• Data to process:
+ + + + + + +
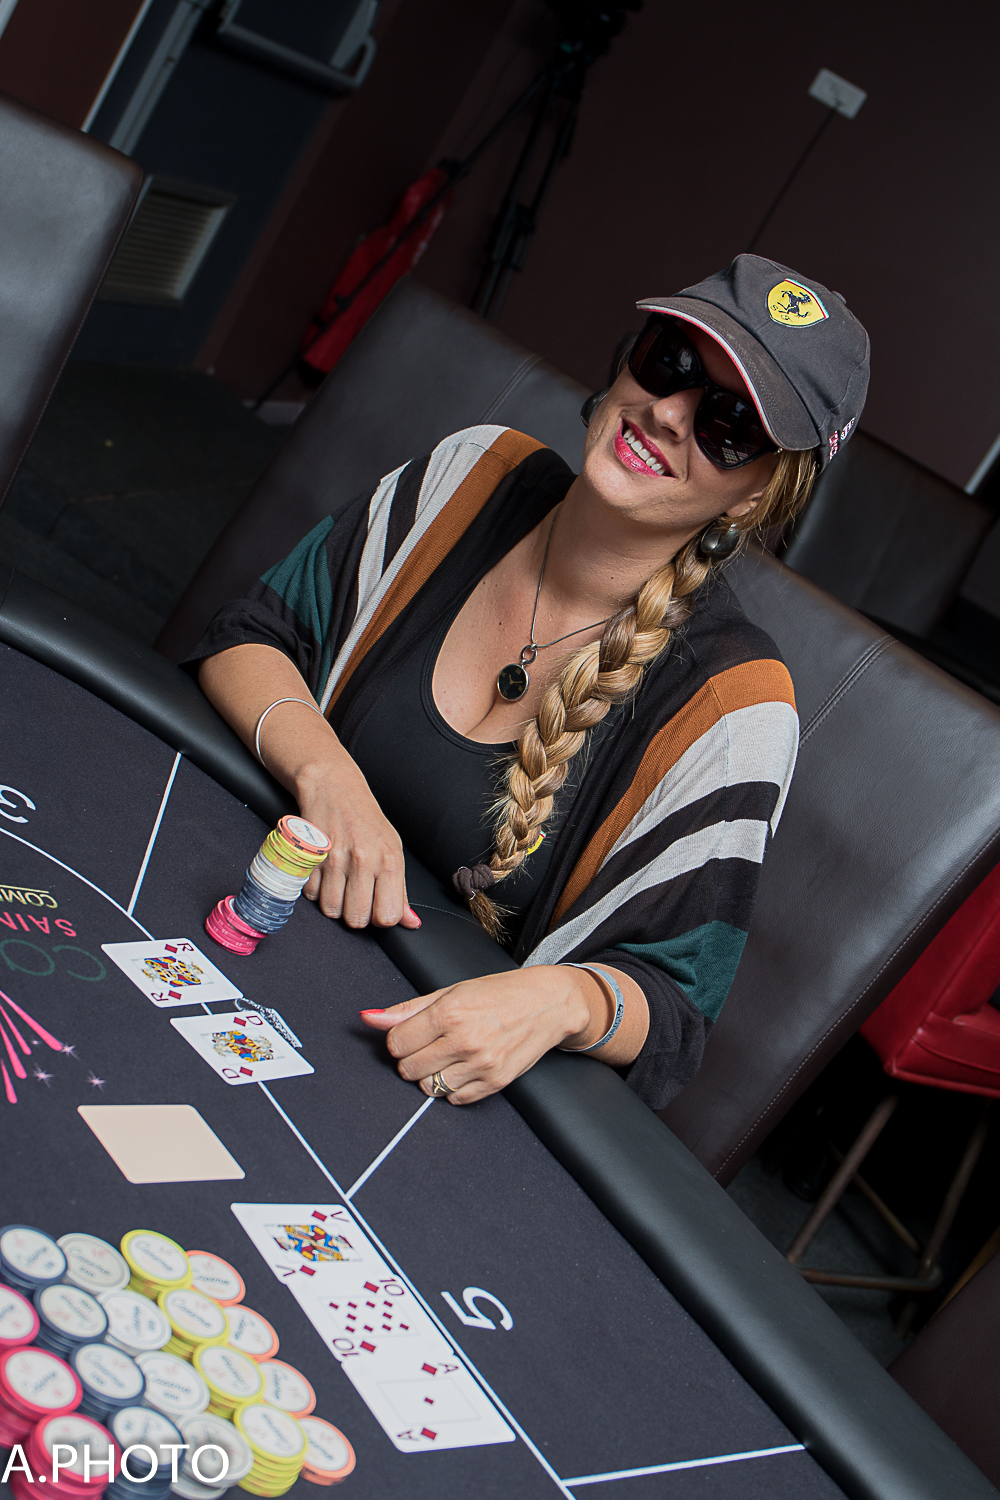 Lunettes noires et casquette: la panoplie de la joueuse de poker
+ + + + + + +
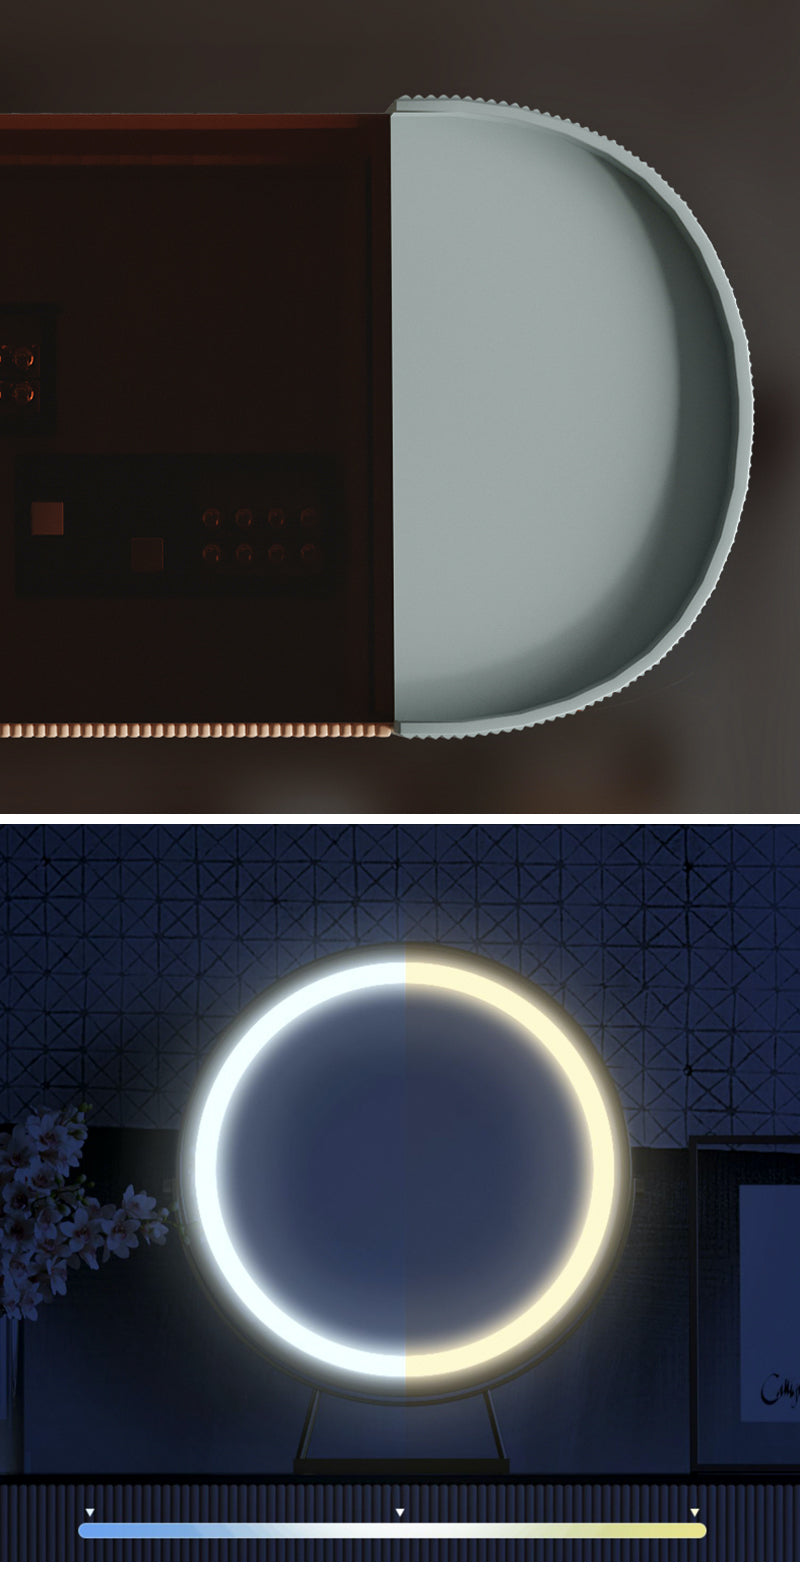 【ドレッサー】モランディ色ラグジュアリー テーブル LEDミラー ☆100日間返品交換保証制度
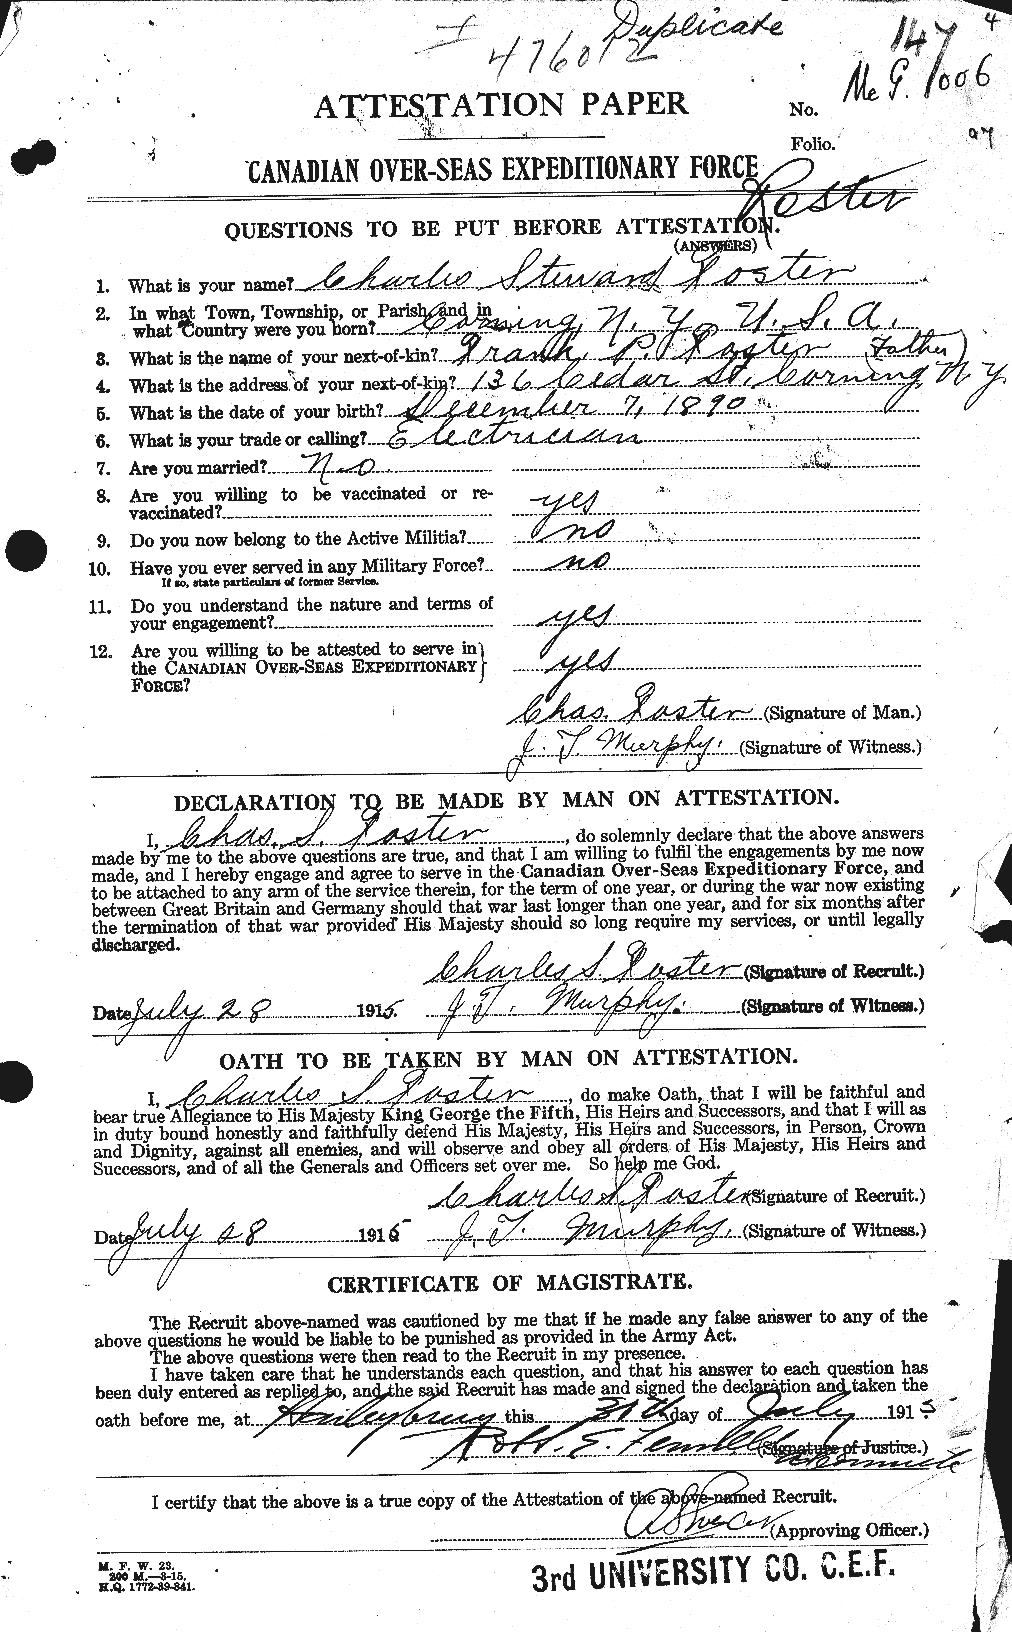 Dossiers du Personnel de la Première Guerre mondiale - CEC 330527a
+ + + + + + +
• Prompt: A verbatim reproduction is expected: starting at the line above that has "テーブル LEDミラー ☆100日間返品交換保証制度", ending at the line that has "Dossiers du Personnel", both included, and with no pictures and no other lines.

• Result of this task:
 【ドレッサー】モランディ色ラグジュアリー テーブル LEDミラー ☆100日間返品交換保証制度
 Dossiers du Personnel de la Première Guerre mondiale - CEC 330527a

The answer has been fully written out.